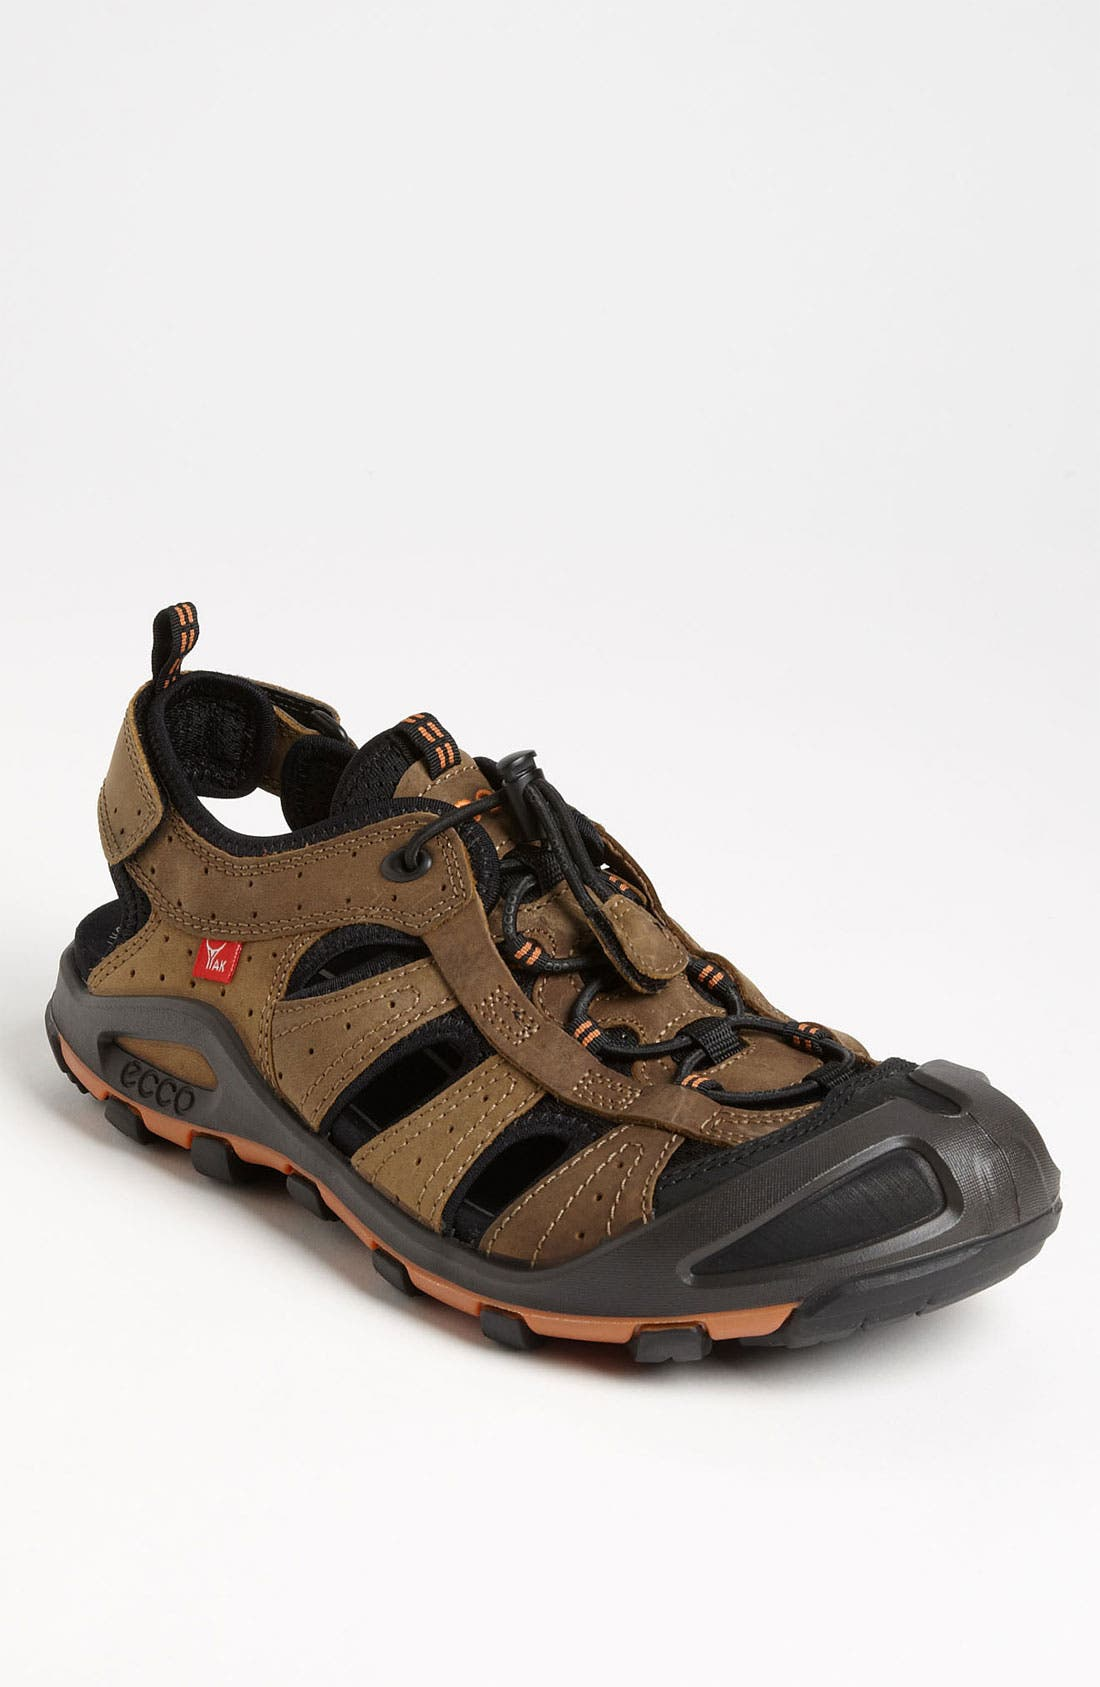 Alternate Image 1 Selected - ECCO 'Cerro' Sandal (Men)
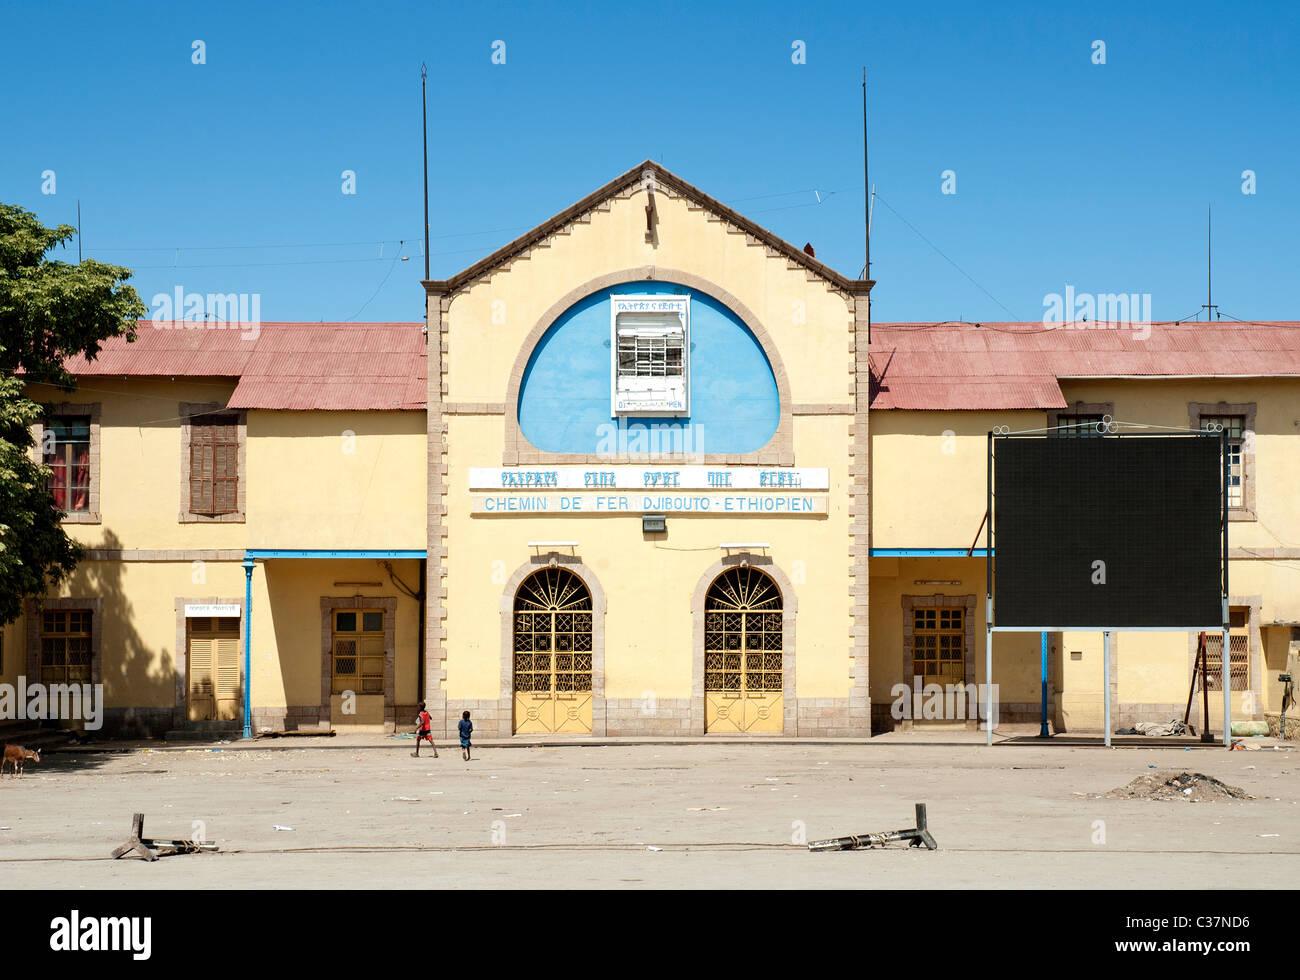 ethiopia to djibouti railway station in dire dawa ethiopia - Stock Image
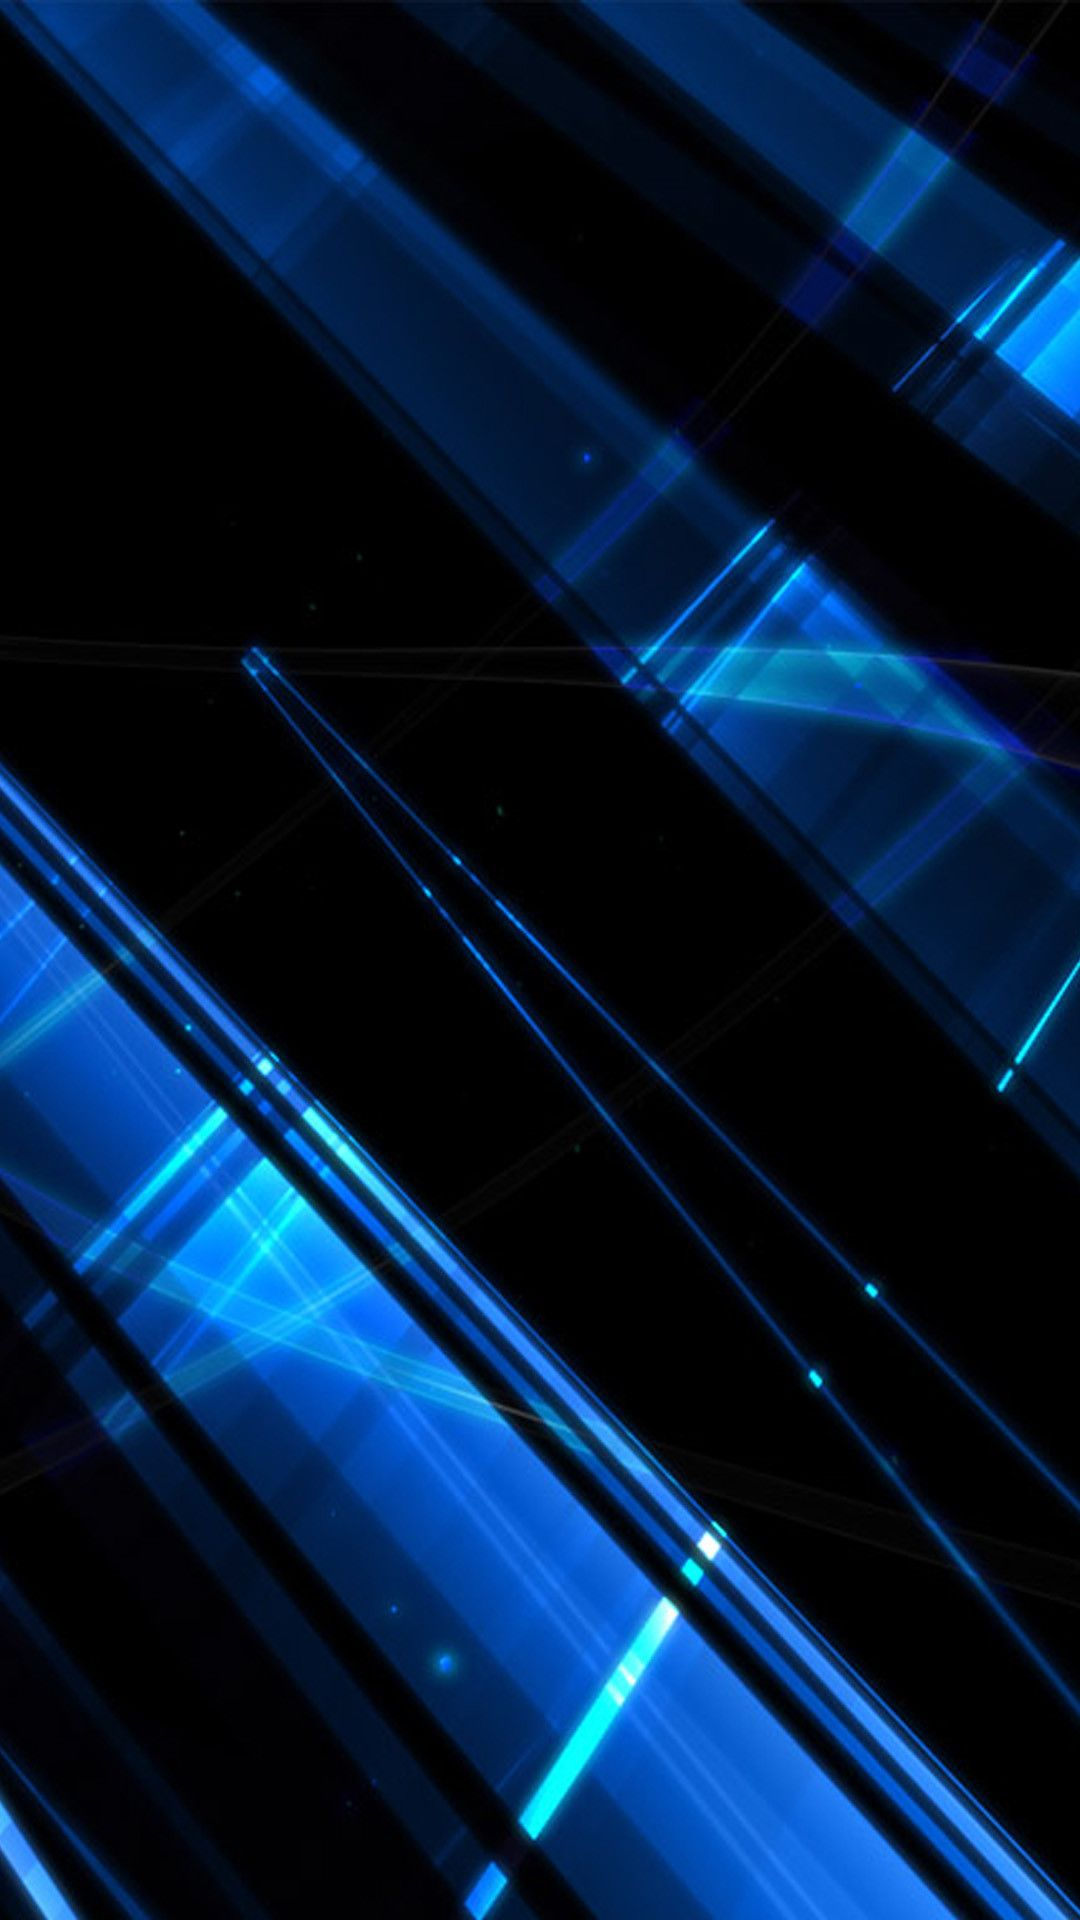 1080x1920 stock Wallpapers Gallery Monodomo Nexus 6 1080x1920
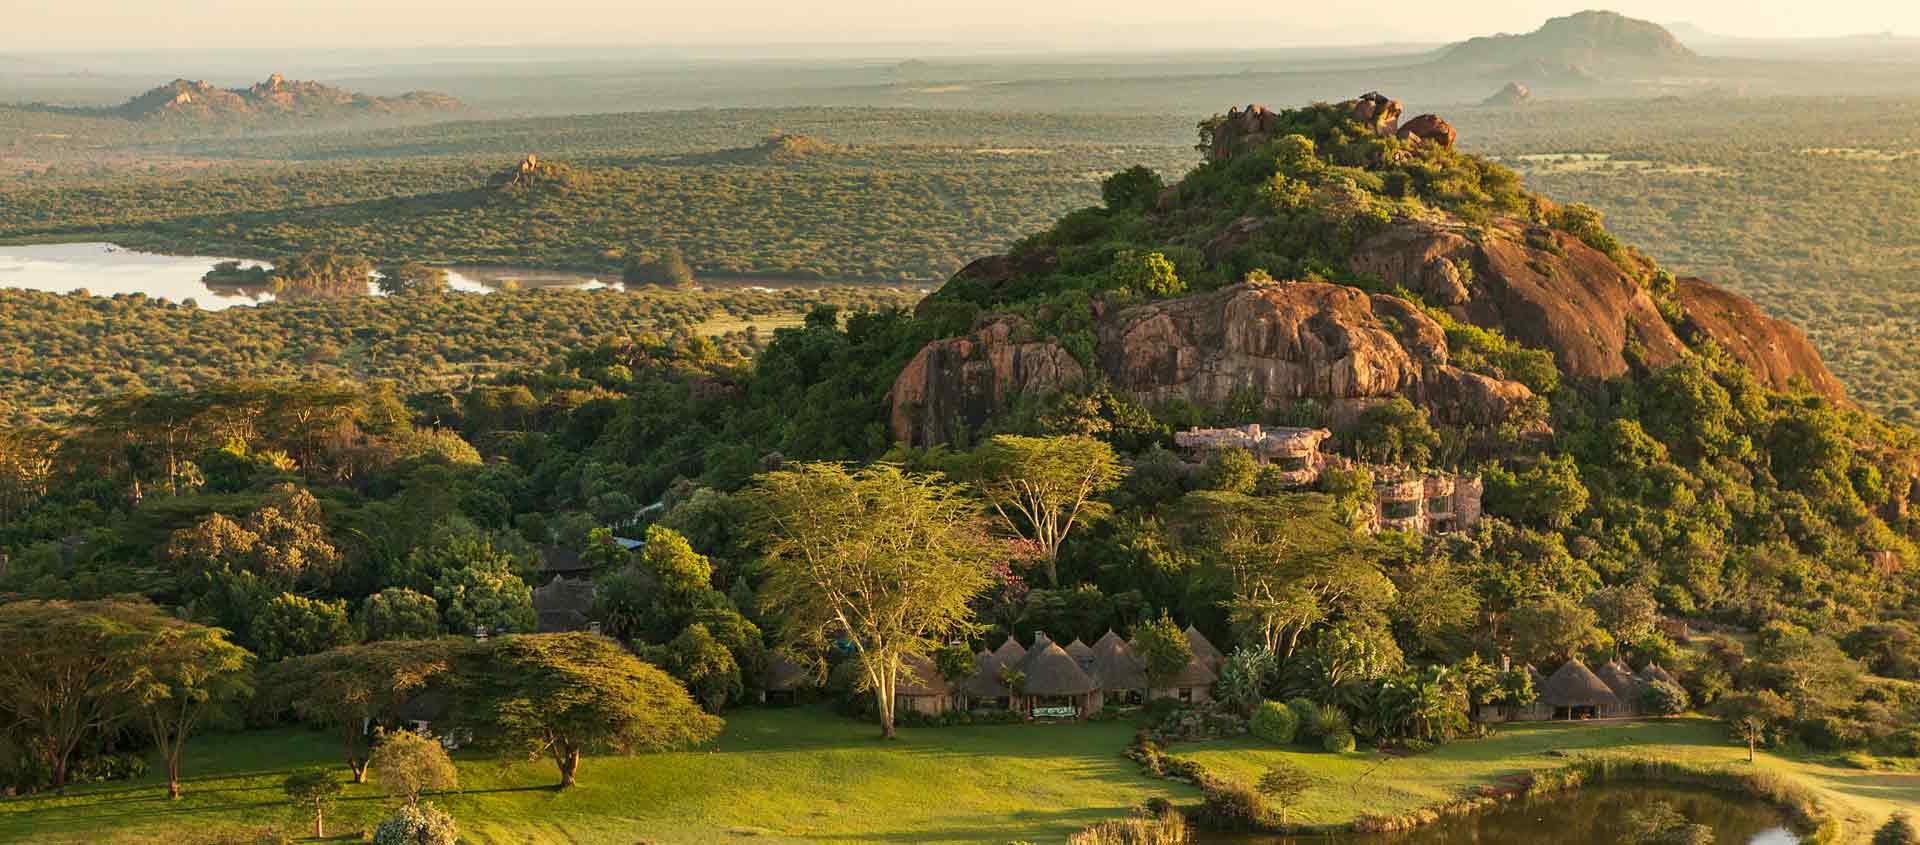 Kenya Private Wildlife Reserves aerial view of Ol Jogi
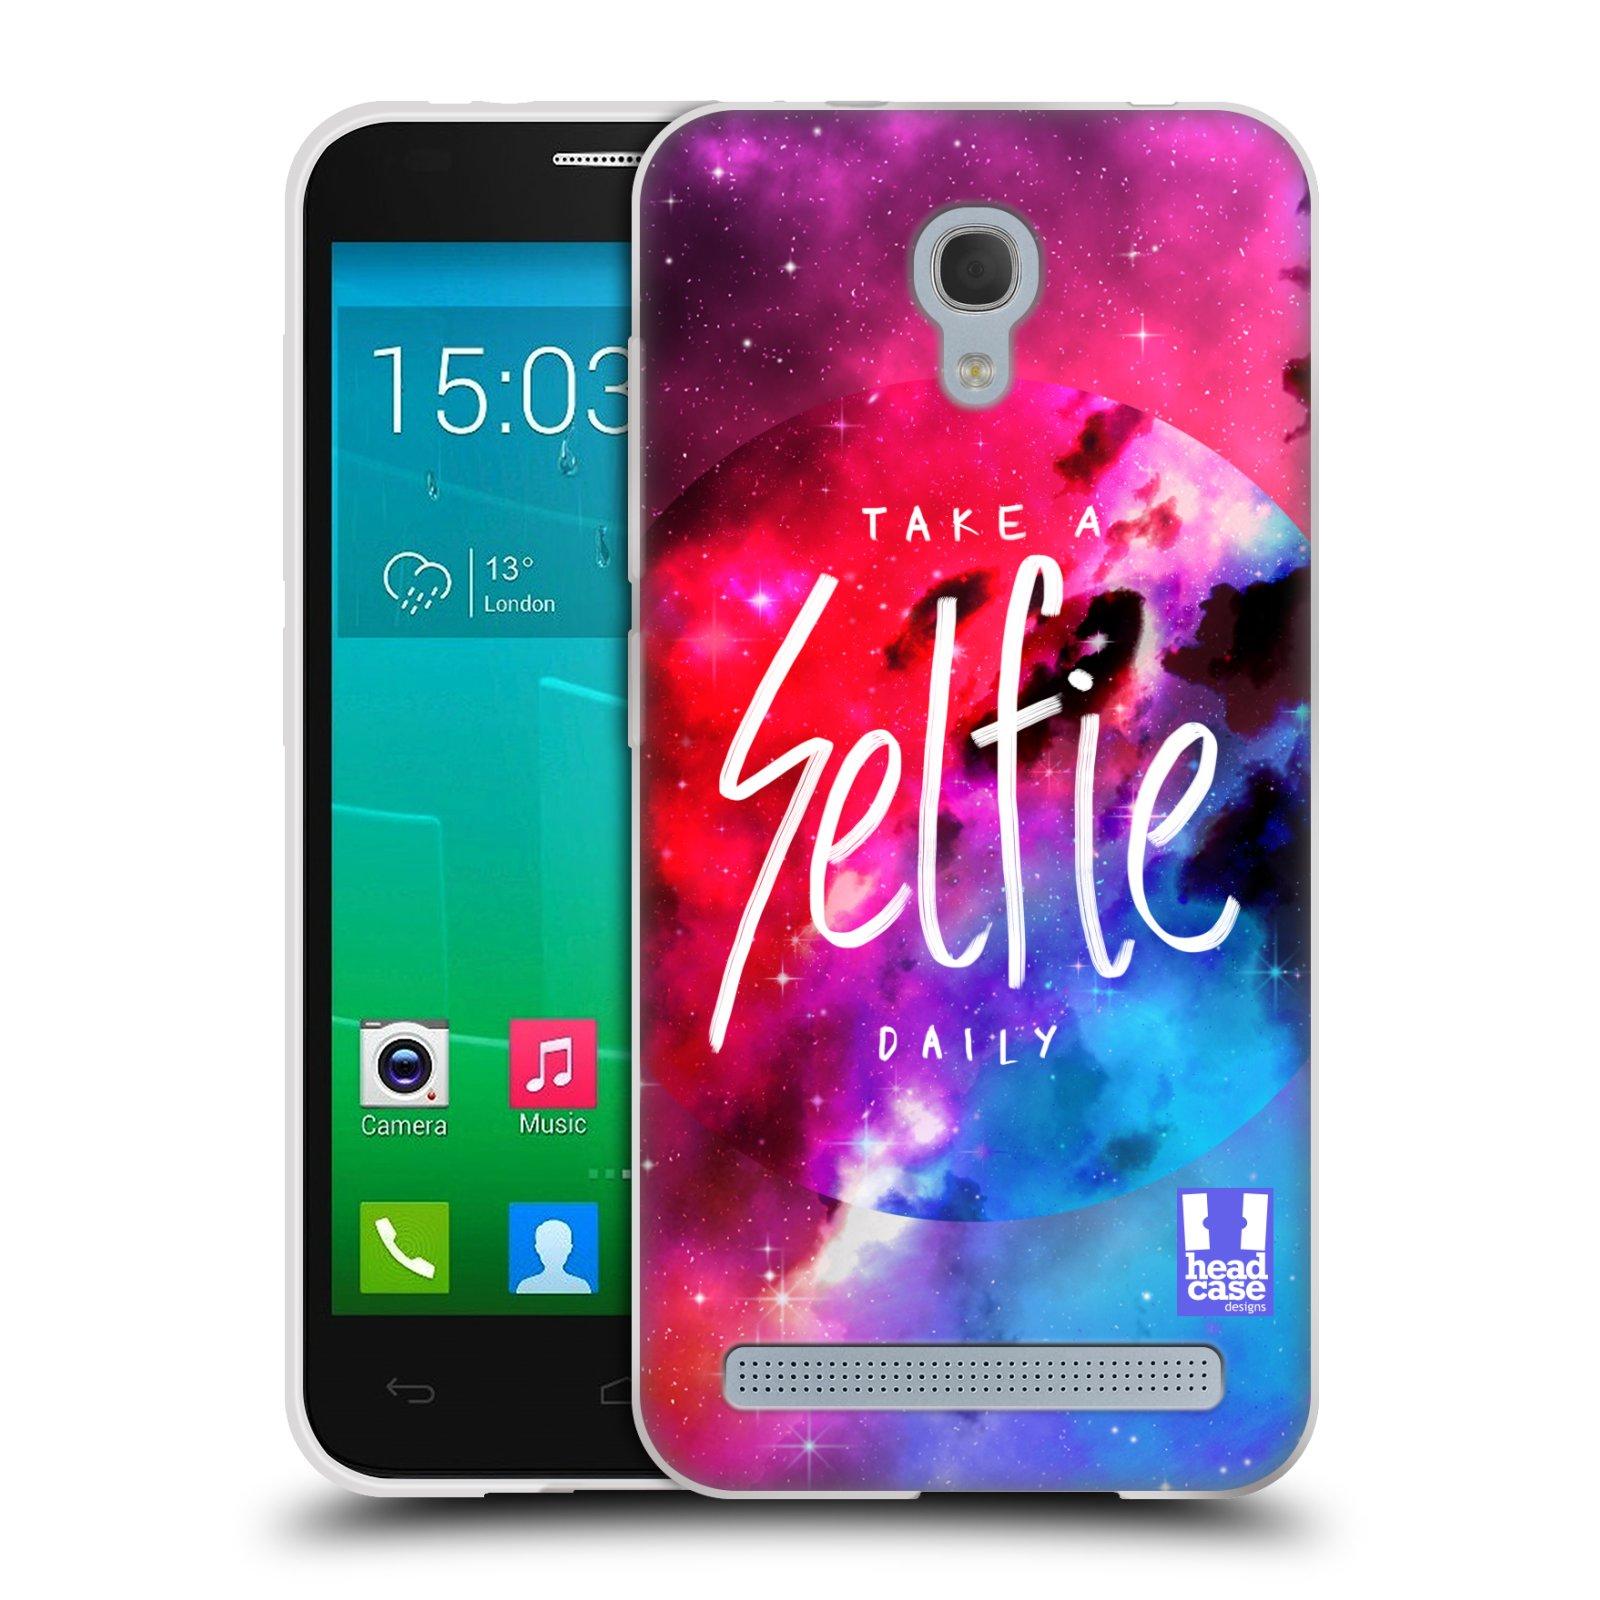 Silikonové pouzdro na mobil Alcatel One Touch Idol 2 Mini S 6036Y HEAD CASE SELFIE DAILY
::::
◆ **GOAL OF THE EXERCISE**: Each record must appear again exactly as written above, without its pictures.

◆ **EXERCISE SOLUTION**:
 Alternate Image 1 Selected - ECCO 'Cerro' Sandal (Men)
 ethiopia to djibouti railway station in dire dawa ethiopia - Stock Image
 1080x1920 stock Wallpapers Gallery Monodomo Nexus 6 1080x1920
 Kenya Private Wildlife Reserves aerial view of Ol Jogi
 Silikonové pouzdro na mobil Alcatel One Touch Idol 2 Mini S 6036Y HEAD CASE SELFIE DAILY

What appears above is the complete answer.